BTW: on decent machines an individual 1 GiB write does not make the user wait: on write the data is first copied in the the AFS file's mapping, later into the cache file's mapping (the former step can be avoided by writing into the chunk files directly). On reads the reader is woken up on every RX packet, ensuring streaming to the user. Here again, the double copy can be avoided.
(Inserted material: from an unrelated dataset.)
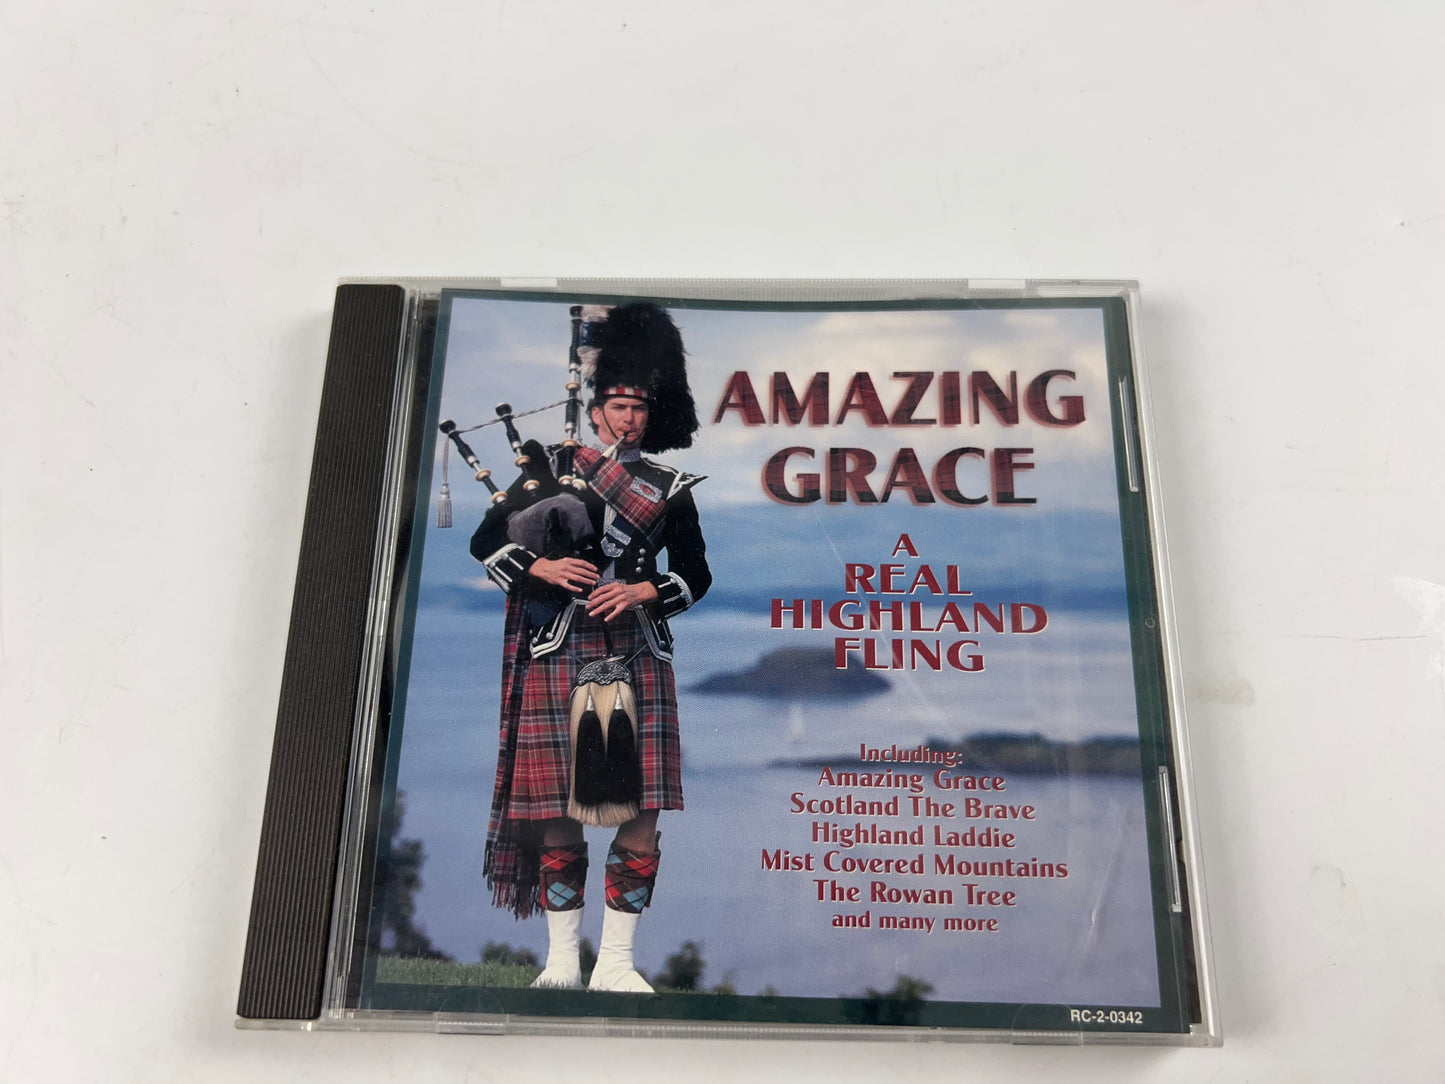 Amazing Grace: A Real Highland Fling - Music CD - Various Artists

What happens here depends on the VM model of the machine, and how we interact with it. But on Linux, at least, this isn't strictly true. Here's how things work in 1.4
There are two different codepaths, one for writes from the write() syscall, and the other invoked when a page that is mmap'd gets written to. With write()s, what we do currently is that we prepare a page for the kernel - the kernel then takes care of copying the buffer passed by the user to that page, and lets us know when it has completed. We then take that data, from that page, and do a write() of it against the backing store. We then return control to the user, who's had to wait whilst all this occurs. In the background, the pdflush process then takes care of outputing this data to disk.
With mmap, things are a little different. pdflush is in charge of our writing and, at intervals, will call our writepage() operation on pages that the user has dirtied. This all happens completely behind the scenes. We then write the AFS dirty page out into the backing store (by using that store's write command), and it's scheduled for another background flush.
In 1.5 this is streamlined a little by only working at the page level, which avoids some context swaps, and copies. As I noted in an earlier email, we also do more in the background in order to get control back to the user quicker. One further optimisation is that we shouldn't be doing the write to the backing cache from the write() syscall. All write is supposed to do is to copy the data from the user into the filesystem's mapping, and mark the page dirty. It should then be up to the pdflush process to move this out to the backing store - I intend to revisit this at some point, but my previous attempts have resulted in a cache manager that is very prone to deadlocks.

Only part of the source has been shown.